A contemporary advancement in the field of PM2.5 concentration prediction research involves the utilization of deep neural networks, a specialized form of artificial neural network adept at handling extensive data through intricate model architectures. Among these techniques, the prevalent employment of deep learning models revolves around architectures such as Long Short-Term Memory (LSTM) [8], Bidirectional LSTM (BiLSTM) [9], Convolutional Neural Network-LSTM (CNN-LSTM) [10], and CNN-BiLSTM [11]. Moreover, researchers have sought to enhance the predictive prowess of these models by amalgamating diverse techniques, encompassing data decomposition and data/model fusion [12]. One research direction for data fusion is to incorporate the neighboring sites of the target site into the PM2.5 prediction.
Air quality data belong to time series data, which are rich in frequency information. Addressing the limitations observed in certain models like the transformer and LSTM, Jiang et al. [13] contended that these models exhibited a notable discrepancy between their predicted outcomes and the true values of the datasets due to their inadequate capacity to capture frequency information effectively. As a remedy, they explored the utilization of Discrete Cosine Transform (DCT) instead of the commonly employed Fourier Transform (FT) for time-frequency transformations, thereby mitigating the occurrence of the Gibbs phenomenon during the transformation process. Building on this concept, they introduced the Frequency Enhanced Channel Mechanism (FECAM), enabling proficient feature extraction from time series data. Extensive experiments conducted across diverse time series datasets demonstrated that FECAM, as a versatile approach, substantially enhanced the prediction performance of LSTM models. Chen et al. [14] introduced an innovative approach named the joint time-frequency domain transformer (JTFT) to facilitate multivariate prediction tasks. The JTFT method capitalized on the sparsity inherent in time series data within the frequency domain, skillfully employing a limited number of learnable frequencies to adeptly capture temporal dependencies. Through extensive experimentation, the authors demonstrated that this method significantly enhanced prediction performance while concurrently reducing computational overheads, rendering it a promising and efficient approach for time series forecasting.
Recently, the integration of the attention mechanism [15] within the domain of deep learning has garnered substantial traction, yielding promising and impactful outcomes. Zhou et al. [16] put forth an alternative prediction method for air pollutant concentrations, leveraging the Kalman filter, attention, and long and short-term memory (Kalman-attention-LSTM) model. The augmentation of the attention mechanism into the conventional LSTM architecture empowered the model with enhanced capabilities to effectively capture temporal information features. Through extensive experimentation, the researchers unveiled that the second prediction approach, employing the Kalman-attention-LSTM model, exhibited superior fitting results in comparison with six other competing models.
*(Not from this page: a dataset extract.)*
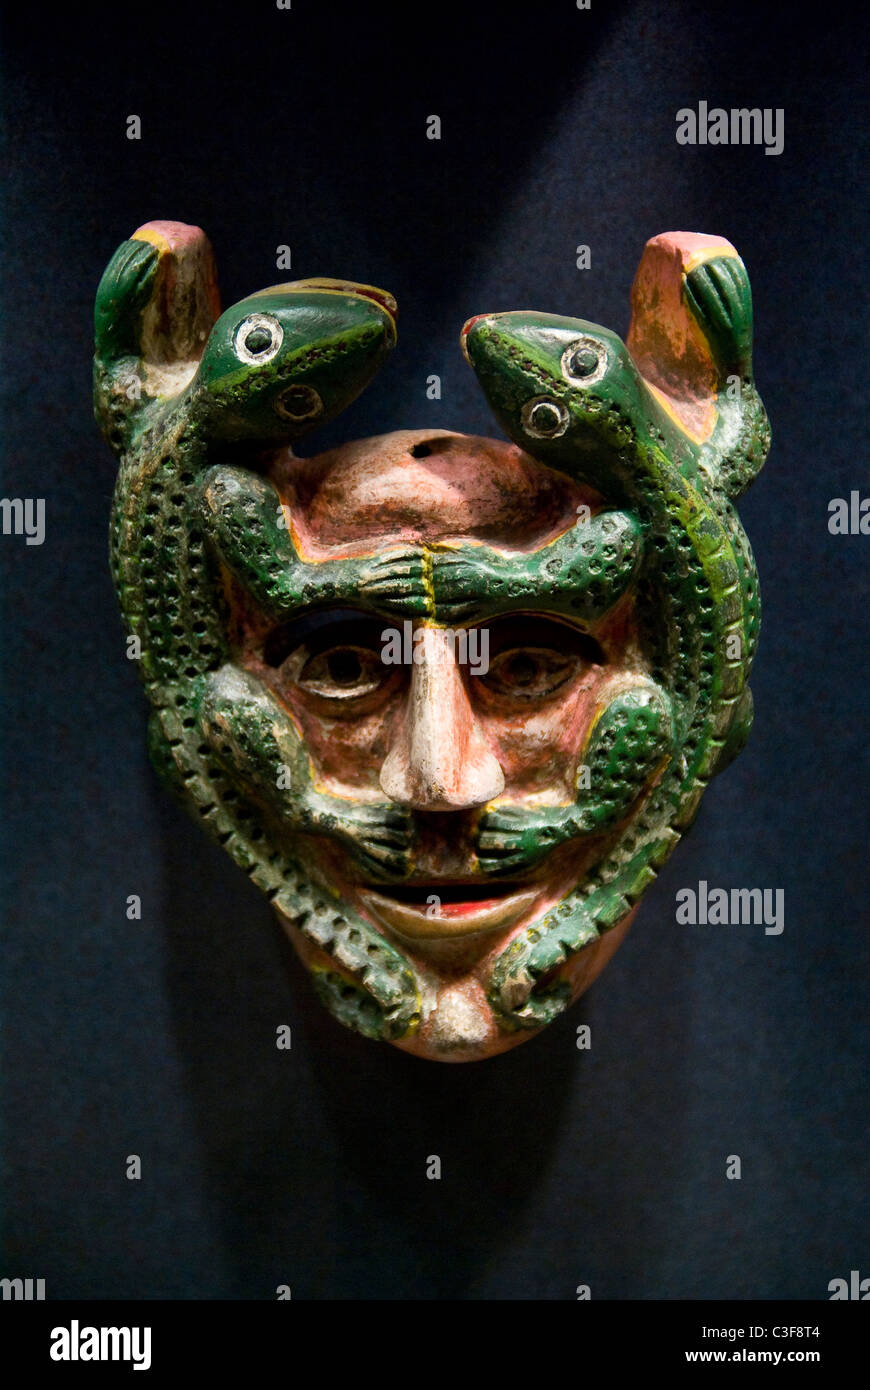 Mexico.Mexico Stadt. Nationales Museum der Anthropology.Nahuatl Kultur. Traditionelle Maske. Stockfoto

This underscored the potential efficacy of the proposed method in advancing air pollutant concentration predictions. Wang et al. [17] introduced a novel air quality prediction model called CNN-BiNLSTM-attention. This model comprised three essential components: CNN, BiNLSTM, and attention. The incorporation of attention was instrumental in effectively capturing the impacts of distinct temporal feature conditions on Air Quality Index (AQI) prediction, thereby facilitating more precise AQI predictions for the subsequent hour. The empirical findings demonstrated that the proposed CNN-BiNLSTM-attention model outperformed the other five models, rendering it a more suitable choice for air quality prediction tasks.
In order to take full advantage of the frequency information of the PM2.5 concentration data as well as to enable the BiLSTM model to aggregate the attention to key positions, this paper establishes a TF-BiLSTM-attention model for PM2.5 concentration prediction among 12 monitoring sites in Beijing, China. This paper contributes to existing knowledge in the following ways:
(1)
First, it uses DCT to transform the input data from the time domain to the frequency domain. Next, the amalgamation of the time domain dataset with the frequency domain dataset is executed to generate an integrated dataset. This unified dataset is designated as the model’s input, enabling optimal utilization of frequency information while encompassing essential time domain information.
(2)
Adding the attention mechanism after the BiLSTM layer can improve the role of important time steps in BiLSTM, which can in turn improve the prediction effect of the model. Finally, using time frequency domain information, BiLSTM, and attention, it develops the TF-BILSTM-attention model to predict PM2.5 concentration.
(3)
For the multivariate model, the input variables consist solely of the PM2.5 concentration at the site itself and at the remaining 11 sites within the study area, without considering the effects of other pollutant factors and meteorological factors. Empirical findings demonstrate that the multivariate model with these variables added has a good prediction effect.

2. Materials and Methods

2.1. Study Area and Materials

The air quality dataset employed in this study originates from the dataset provided by Zhang et al. [18], which is readily accessible for download from the University of California, Irvine (UCI) Machine Learning Repository page. This dataset encompasses air quality records spanning the period from 2013 to 2017, comprising data collected from 12 distinct Guokong monitoring sites situated in and around Beijing. Specifically, the monitoring sites include Aotizhongxin, Changping, Dingling, Dongsi, Guyuan, Gucheng, Huairou, Nongzhanguan, Shunyi, Tiantan, Wanliu, and Wanshougong. To facilitate the description, we number the above-mentioned sites, with Aotizhongxin noted as S1, Changping as S2, Dingling as S3, and so on.
The individual sites are represented by raw sensor data obtained at hourly intervals, spanning 1461 days with a total of 35,064 data samples. The dataset for each site contains 12 variables. For the purposes of this study, however, only the PM2.5 data series from each site is utilized.
Due to subjective and objective reasons such as instrument damage and human factors [19], there is a certain percentage of missing data in this dataset. Within this study, the missing data are supplied employing the random forest interpolation algorithm [20]. In order to eliminate the different dimensions between the features and speed up the data convergence, we normalize and scale the dataset to [0, 1]. In this case, Equation (1) illustrates the Min-Max normalization method.
X = x m i n m a x m i n  
where X denotes the normalized value, x denotes the original value, and m i n and m a x denote the minimum and maximum values in the dataset, respectively.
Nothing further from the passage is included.